De ce fait, les deux molécules ont une forte affinité tissulaire. Au niveau du facteur de la métabolisation et de l’élimination, la lévofloxacine et l’ofloxacine sont similaires en termes de :

  • Inversion chirale (inexistante) ;
  • Stabilité stéréochimique ;
  • Métabolisme (faible : moins de 5 %) ;
  • Excrétion (par les reins).

Outre cela, l’ofloxacine possède une durée d’action moindre que celle de la lévofloxacine, car sa demi-vie d’élimination va de 5 à 7 h contre 6 à 8 h. Sur la base du critère de la toxicité et de la sécurité, il faut retenir que les deux molécules sont bien tolérées. Leurs effets indésirables sont certes faibles, mais ils restent toutefois existants.

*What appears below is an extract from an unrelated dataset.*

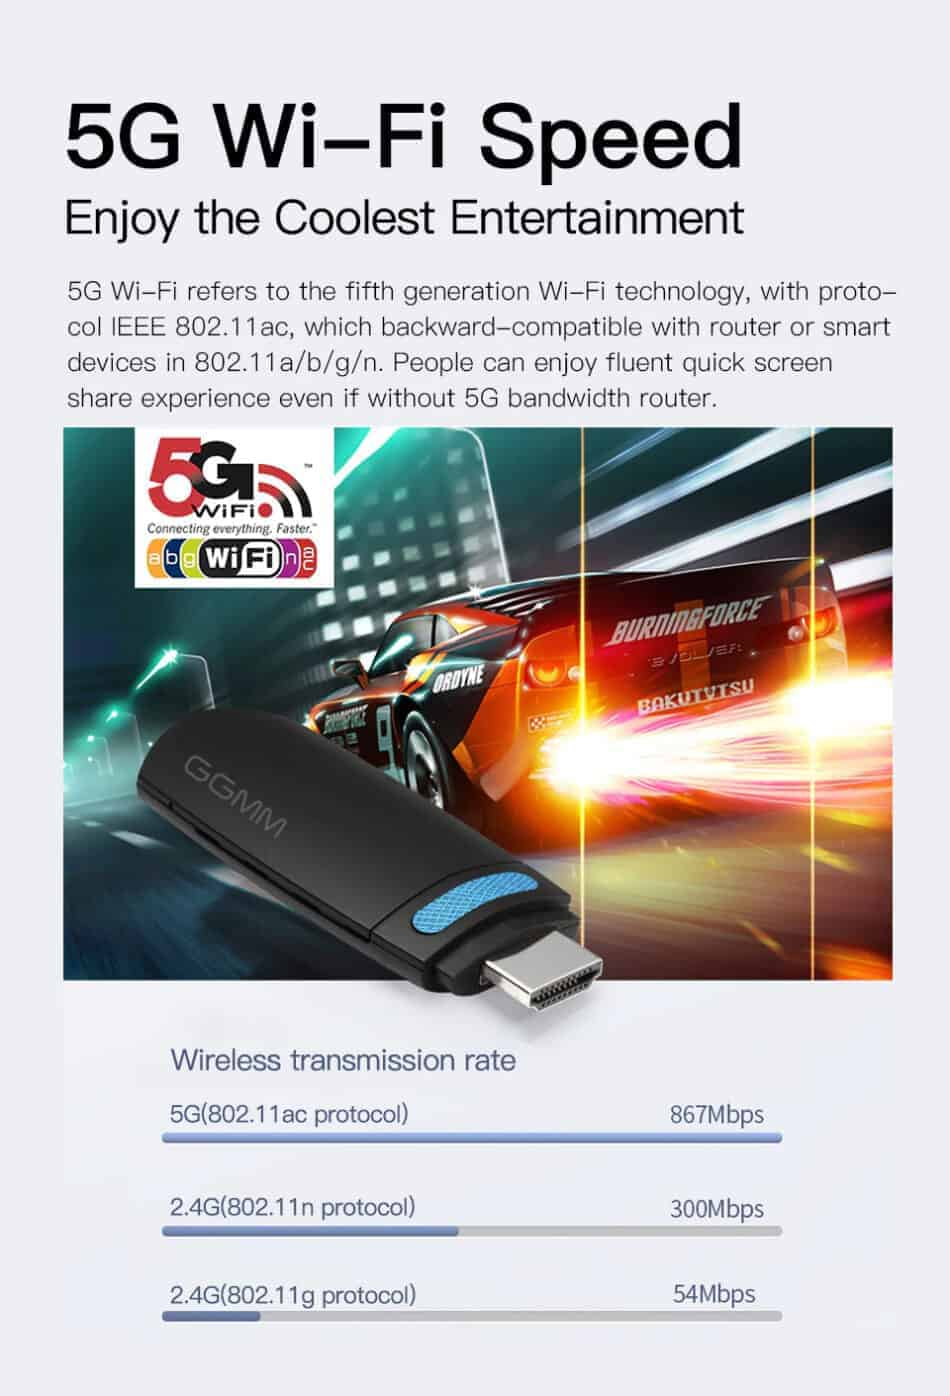 Dongle WiFi Wireless HDMI TO TV WiFi 5G-2.4G for YouTube GGMM 5G Wi-Fi Speed

Une démarche sans intérêt thérapeutique

Sur la base du rapport bénéfice/risque, aucun des trois médicaments étudiés ne possède une supériorité confirmée à son racémate. Il existe un autre médicament isomère appelé ésoméprazole et dont le produit racémique est l’oméprazole par rapport auquel la presse ISDB tire la même conclusion.

Cependant, il faut préciser que seule la lévofloxacine bénéficie d’une preuve d’intérêt thérapeutique. Celle-ci ne concerne que sa capacité à traiter les infections respiratoires communautaires. De manière générale, il n’existe pas d’avantage supplémentaire à préférer la commercialisation d’un médicament énantiomère plutôt qu’une vente sous sa forme racémique.